A pesar de que el Gobierno de Estados Unidos se ha dado un par de semanas para iniciar una serie de redadas contra los inmigrantes ilegales en las grandes ciudades, la Iglesia ha denunciado que esta medida «va a desatar el pánico» entre las familias

El plan del Gobierno de Estados Unidos para iniciar una serie de deportaciones masivas en estos días solo «va a desatar el pánico en nuestras comunidades y no servirá como una medida disuasoria efectiva contra la migración ilegal». Así lo ha denunciado el presidente del Comité de Migraciones de la Conferencia Episcopal del país, monseñor Joe Vásquez.

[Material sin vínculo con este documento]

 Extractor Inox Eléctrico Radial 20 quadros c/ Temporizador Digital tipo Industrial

Su comunicado es la respuesta de la Iglesia del país a un tuit de Donald Trump, publicado el 18 de junio, en el que afirmaba que «la próxima semana las Fuerzas de Inmigración y Aduanas [ICE por sus siglas en inglés, N. d. R.] comenzarán el proceso de expulsar a los millones de inmigrantes ilegales que han encontrado la forma de entrar ilícitamente en Estados Unidos. Serán expulsados con la misma rapidez con la que entran».

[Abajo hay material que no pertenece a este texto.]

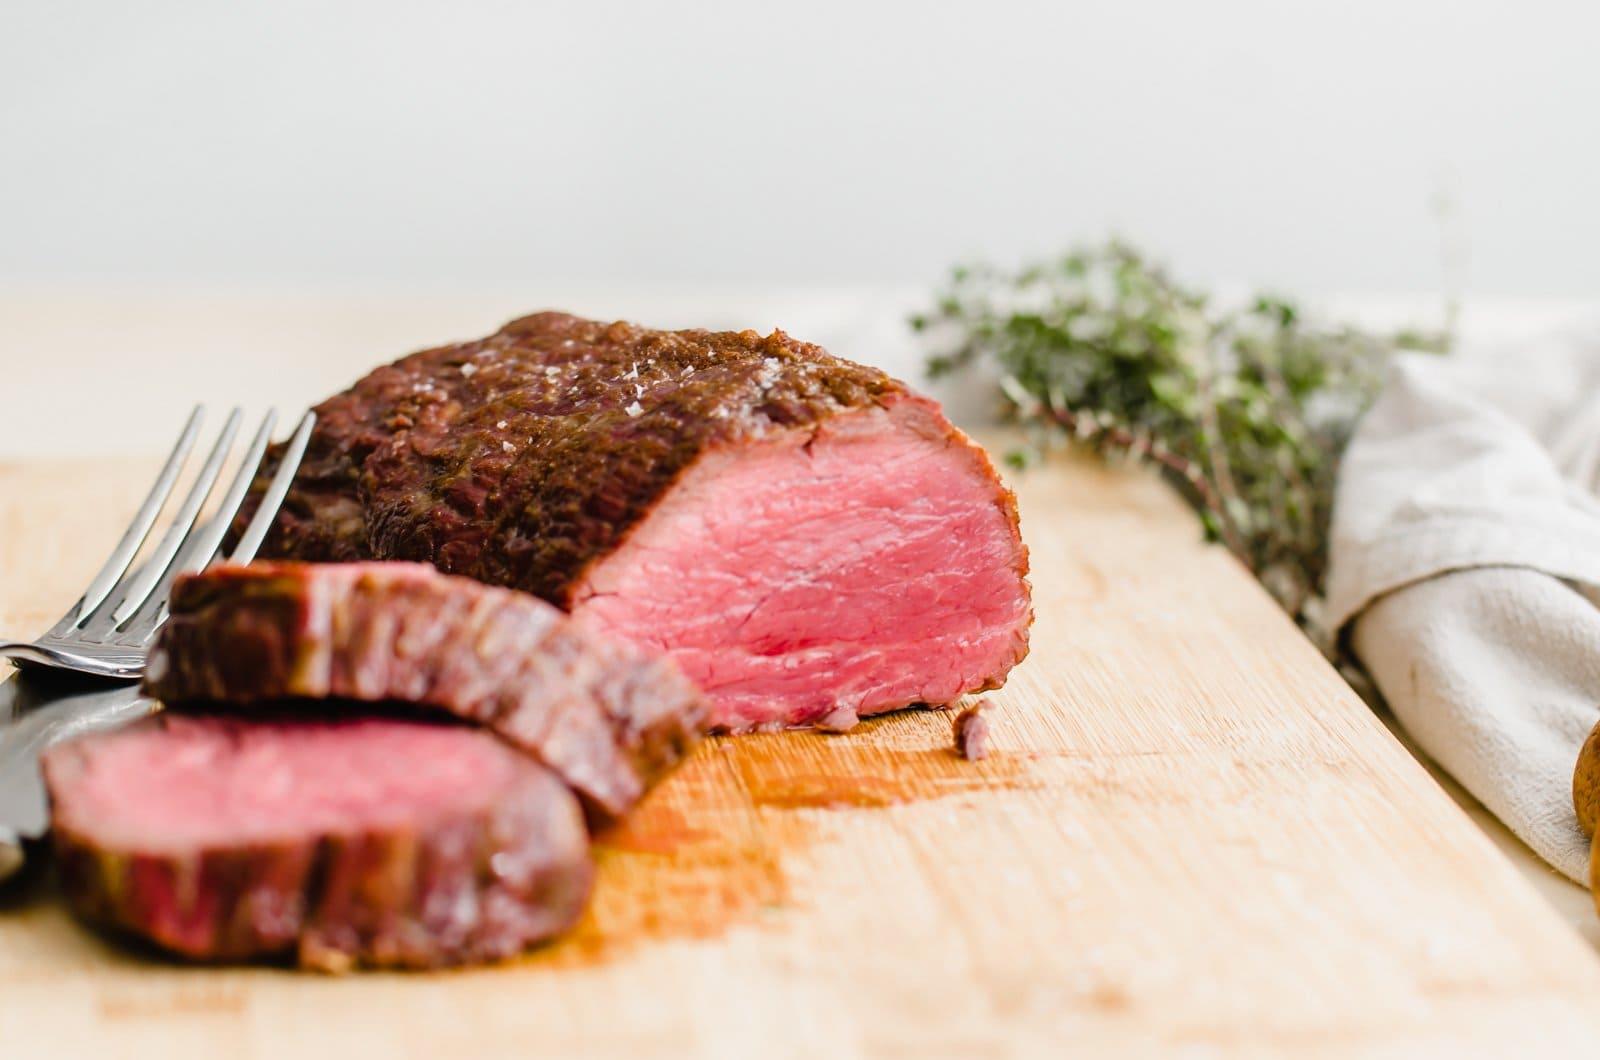 A close up shot of beef tenderloin being sliced.

Sin embargo, desde entonces la Administración ha congelado temporalmente este plan. El sábado, el mismo día que monseñor Vásquez hizo público su comunicado, el presidente escribió en un nuevo tuit que las redadas masivas se retrasarían dos semanas con la esperanza de que demócratas y republicanos encuentren juntos «una solución a los problemas de asilo y de vacíos legales en la frontera sur».

De no ser así, «¡empezarán las deportaciones!», subrayaba. Y lo harían el fin de semana del 6 de julio, dos días después de la fiesta nacional del país.

Aunque el primer mensaje de Trump mencionaba a millones de indocumentados, las informaciones que se publicaron la semana pasada informaban de que una primera fase podrían ser redadas para arrestar a unos 2.000 inmigrantes que han recibido una orden de deportación en firme. Entre ellos, se encuentran familias. Se hablaba también de una intervención simultánea en varias de las grandes ciudades del país.

En su comunicado, el presidente del Comité de Migraciones reconoce «el derecho de las naciones a controlar sus fronteras de una forma justa y proporcionada». El también obispo de Austin sugería que en vez de medidas policiales «deberíamos centrarnos en las causas profundas que han impulsado a tantos centroamericanos a dejar sus hogares para buscar la seguridad, y en reformar nuestro sistema de inmigración con una perspectiva orientada hacia la justicia y el bien común». Siguiendo con este tono conciliador, el comunicado afirma que si el Gobierno opta por este enfoque «estamos listos para colaborar».